Responsible Disclosure
Canium builds security-critical infrastructure, and we welcome the work of security researchers who help us keep it sound. This policy explains how to report a vulnerability, what is in and out of scope, the rules we ask you to follow, and what you can expect from us in return.
Our Commitment — Safe Harbour
If you make a good-faith effort to comply with this policy during your research, we will consider your activity authorized. We will not initiate or support legal action against you, and where a third party brings action against you for activity conducted in accordance with this policy, we will make it known that your actions were authorized.
We consider security research conducted consistent with this policy to be authorized access under the Criminal Code of Canada and applicable computer-misuse law. If at any point you are unsure whether a specific action is consistent with this policy, contact us at security@canium.ca before proceeding.
This safe-harbour commitment does not bind third parties that are not Canium, and it does not authorize activity that is unlawful independent of this policy.
Scope
The following assets, operated by Canium, are in scope:
canium.caand its subdomains- The Canium web, desktop, and mobile client applications
- Public APIs and backend infrastructure operated by Canium
- Our cryptographic implementation — MLS (RFC 9420 / OpenMLS), OPAQUE (RFC 9807), and the hybrid post-quantum KEM substrate (X25519 + ML-KEM-768)
The following are out of scope:
- Services, systems, or data operated by third parties rather than Canium
- Denial-of-service, volumetric, or resource-exhaustion testing of any kind
- Social engineering of Canium staff, contractors, or users; physical attacks; and attacks requiring physical access to a device
- Spam, phishing, or content-injection that depends on a user acting against an explicit warning
- Automated scanner output, or reports of missing hardening or best-practice headers, without a demonstrated, exploitable impact
- Findings that require a compromised or rooted endpoint, which is the user's own responsibility
Rules of Engagement
- Test only against accounts you own or test accounts you have explicitly created for this purpose.
- Do not access, modify, delete, or store data that is not yours.
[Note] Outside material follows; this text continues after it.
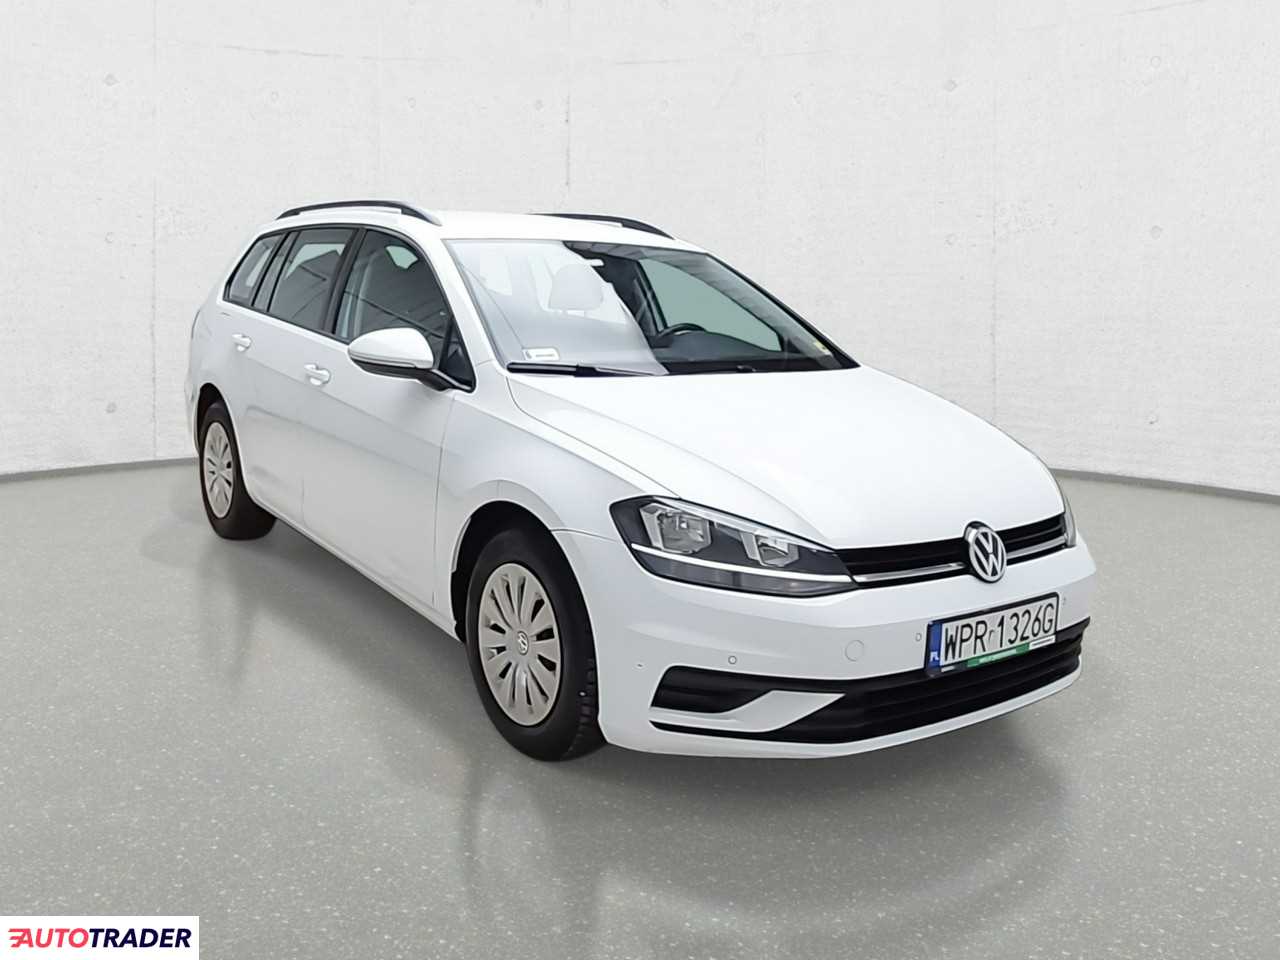 Volkswagen Golf 2019 1.6 116 KM

Stop as soon as you have a working proof of concept.
- Canium is end-to-end encrypted and server-blind by design. Do not attempt to access, decrypt, or exfiltrate the message content, keys, or credentials of any other user. If you incidentally encounter another party's data, stop immediately, do not retain or disclose it, and tell us in your report.
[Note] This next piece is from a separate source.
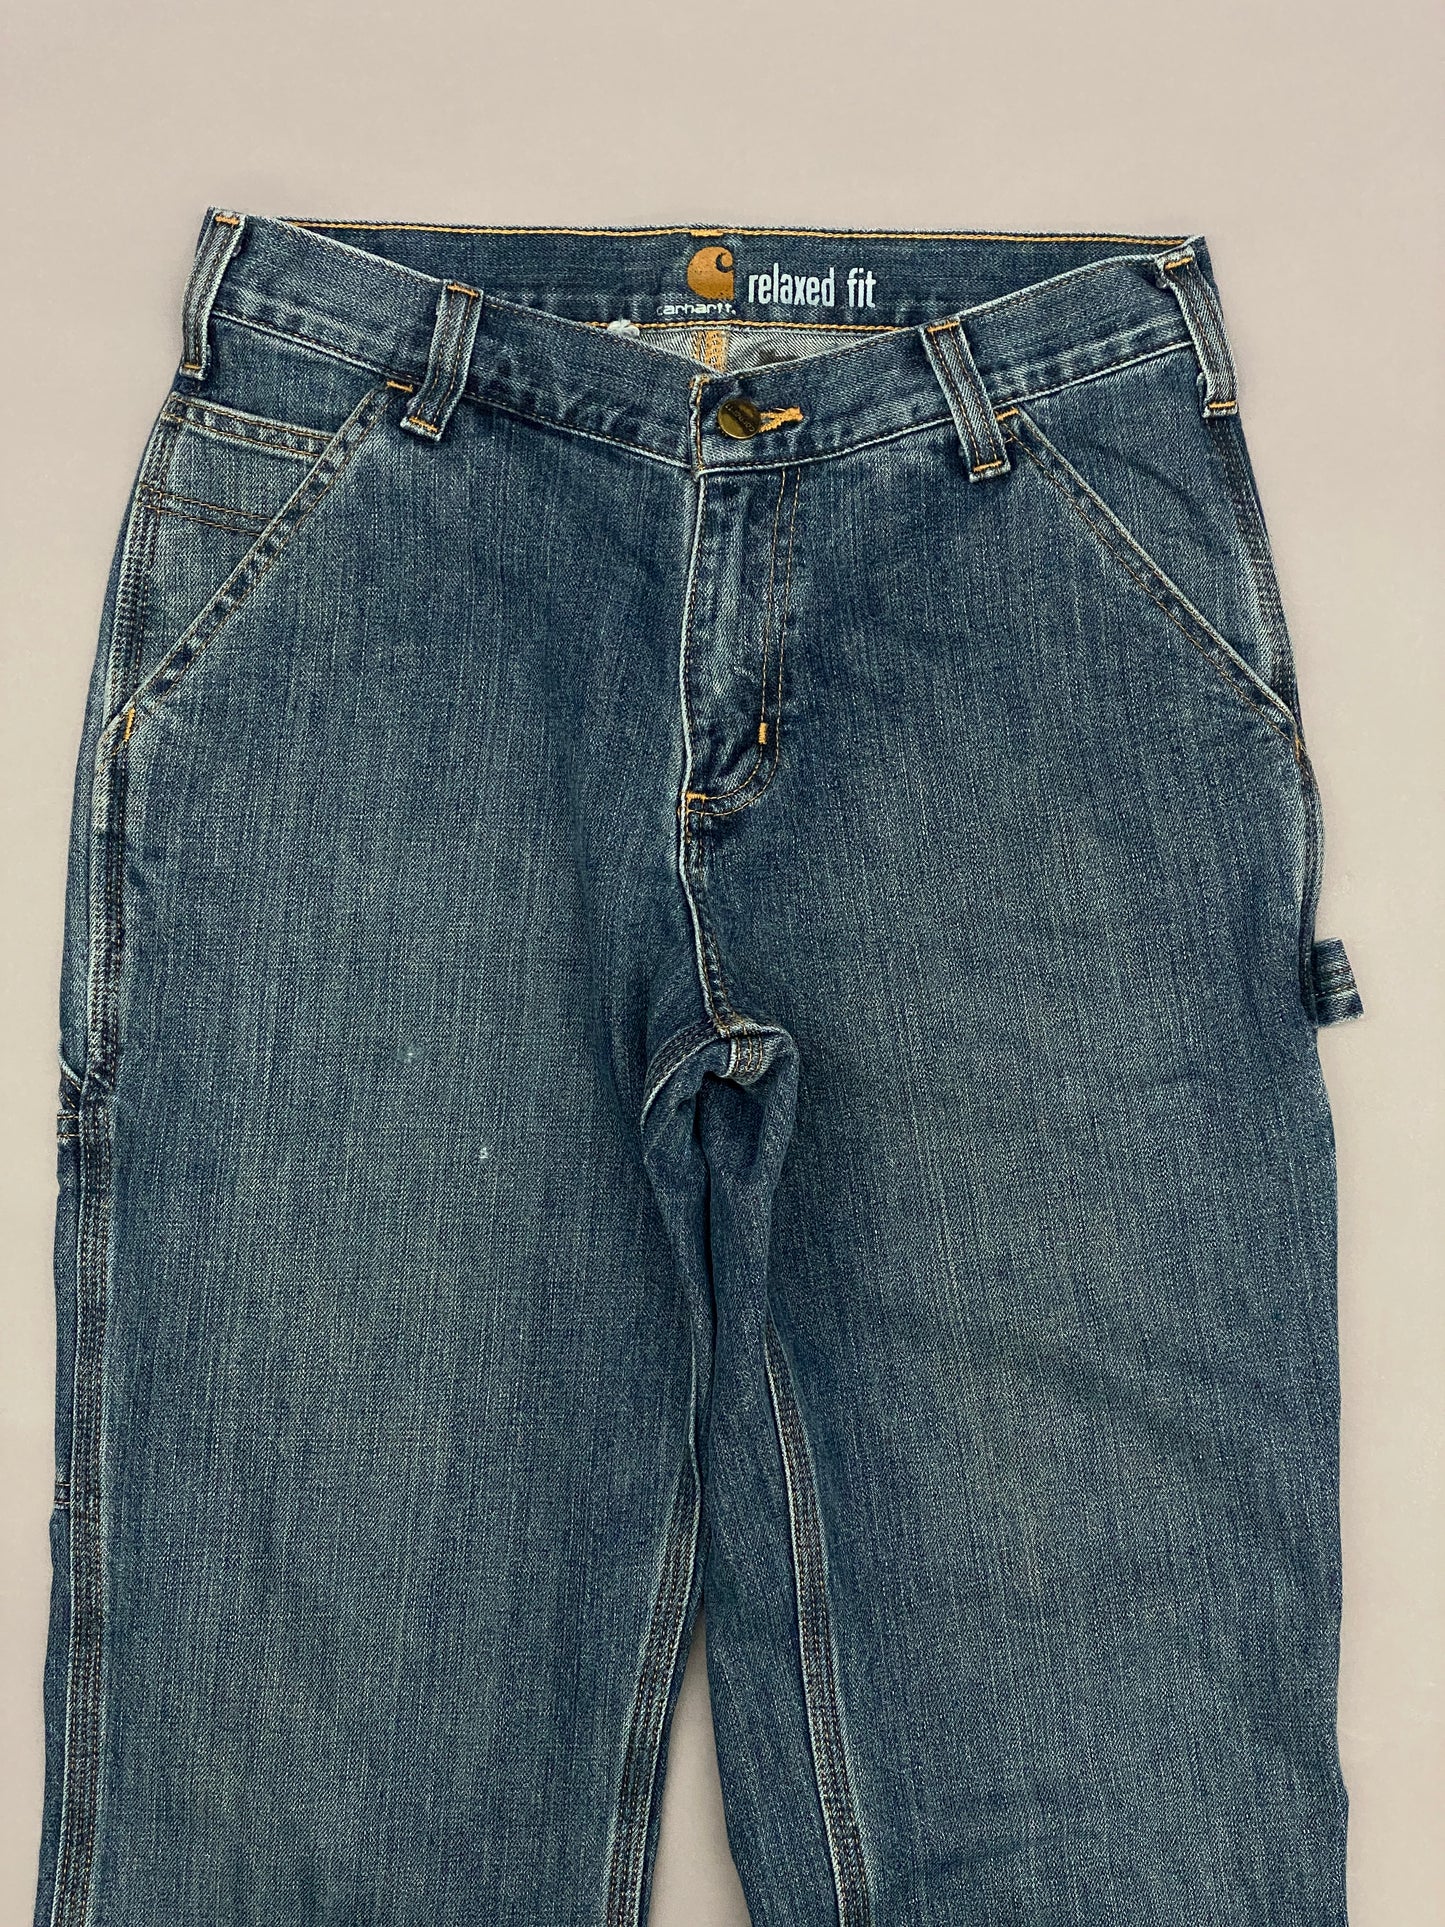 Carhartt Jeans Carpenter Pants - 32 x 30

- Do not degrade, disrupt, or interrupt the service for other users.
- Give us a reasonable opportunity to remediate before disclosing a vulnerability publicly, and coordinate the timing with us.
- Comply with all applicable Canadian law throughout your research.
How to Report
Send your report to security@canium.ca. Our machine-readable contact details are published at /.well-known/security.txt.
A useful report includes:
- A clear description of the vulnerability and the affected component or URL
- Step-by-step instructions to reproduce it, with any proof-of-concept code or payloads
- Your assessment of the impact and, if known, the conditions required to exploit it
- How we can reach you for follow-up
We accept reports in English and French.
What to Expect From Us
We prioritize issues by their impact on Canium's core guarantees — anything that could compromise the confidentiality of message content, key material, or user authentication is treated as the highest priority.
| Stage | Our target |
|---|---|
| Acknowledgement of your report | Within 3 business days |
| Initial triage and severity assessment | Within 10 business days |
Recognition
Canium does not currently operate a paid bug-bounty program. With your permission, we are glad to credit you in our security acknowledgements once a reported issue is resolved. If you would prefer to remain anonymous, let us know and we will respect that.